The federal judge said the prosecutors effectively attempt to transform issue advocacy into express advocacy by “interpretive legerdemain and not by any analysis as to why it would rise to the level of quid pro quo corruption.”
“If correct, this means that any individual or group engaging in any kind of coordination with a candidate or campaign would risk forfeiting their right to engage in political speech,” Randa wrote.
That would include all of the left-wing organizations that prosecutors have failed to target in John Doe probes for effectively doing what the conservative groups are accused of doing, according to the plaintiffs.
“The legislative tail would wag the constitutional dog,” Randa added.

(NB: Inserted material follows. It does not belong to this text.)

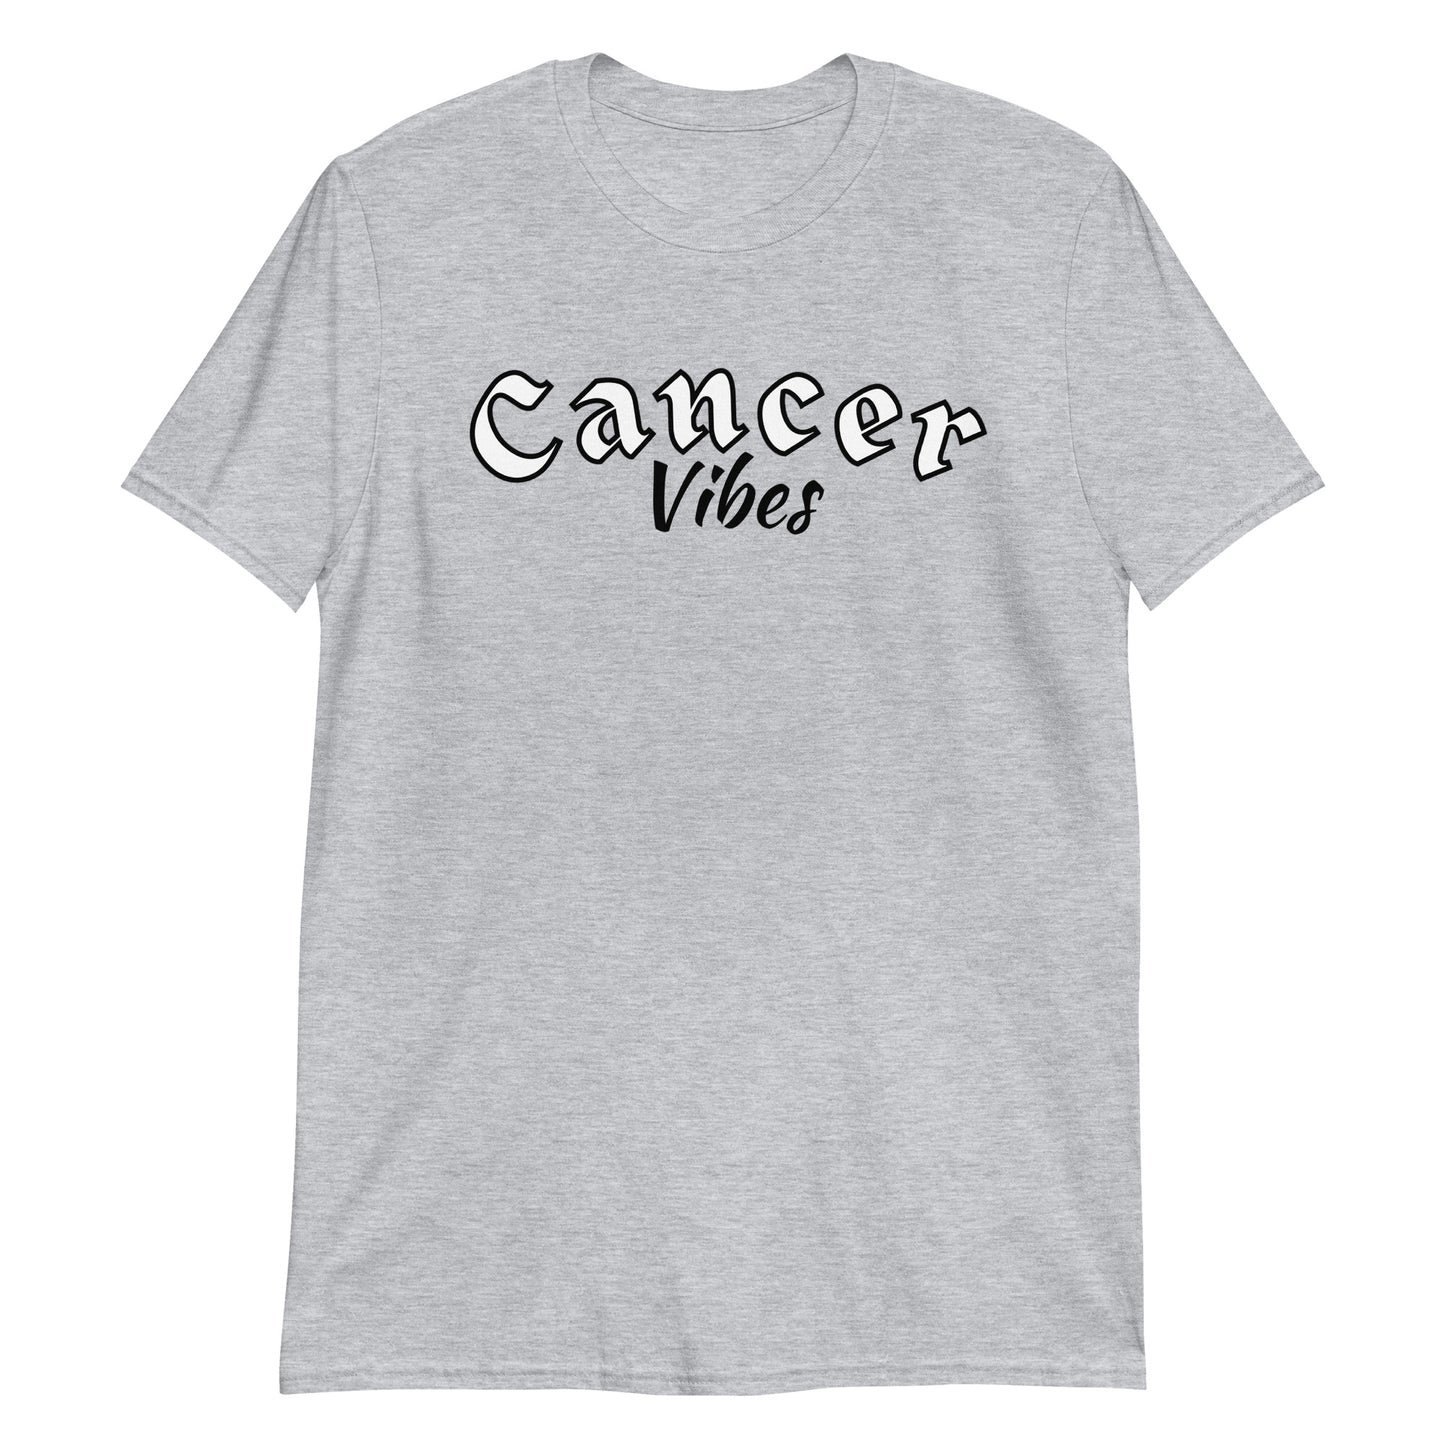 Cancer Short-Sleeve Unisex T-Shirt

Prosecutors have effectively told the federal judge to butt out, that federal courts have no business involving themselves in state law enforcement investigations and that the prosecutors are protected under the precedents of immunity. They sought refuge under the Eleventh Amendment of the U.S. Constitution.
Randa in April and again late last week thoroughly rejected those arguments, asserting that “if the defendants are violating the plaintiffs’ constitutional rights, the Eleventh Amendment (to the U.S. Constitution) does not apply and the plaintiffs are entitled to injunctive relief.”
The prosecutors have appealed Peterson’s ruling in state court. It was not certain what Randa’s ruling would mean for the matters before those courts.
Reached late Tuesday, Schmitz declined to comment. He did tell the Milwaukee Journal Sentinel that he expects to challenge.
“I’m virtually assured we will appeal this decision,” Schmitz told the newspaper. “I have to consult with the others and my attorney” before making a final decision.
“While the defendants deny that their investigation is motivated by animus towards the plaintiffs‘ conservative viewpoints, it is still unlawful to target the plaintiffs for engaging in vigorous advocacy that is beyond the state‘s regulatory reach,” he wrote.
“The plaintiffs have been shut out of the political process merely by association with conservative politicians. This cannot square with the First Amendment and what it was meant to protect.”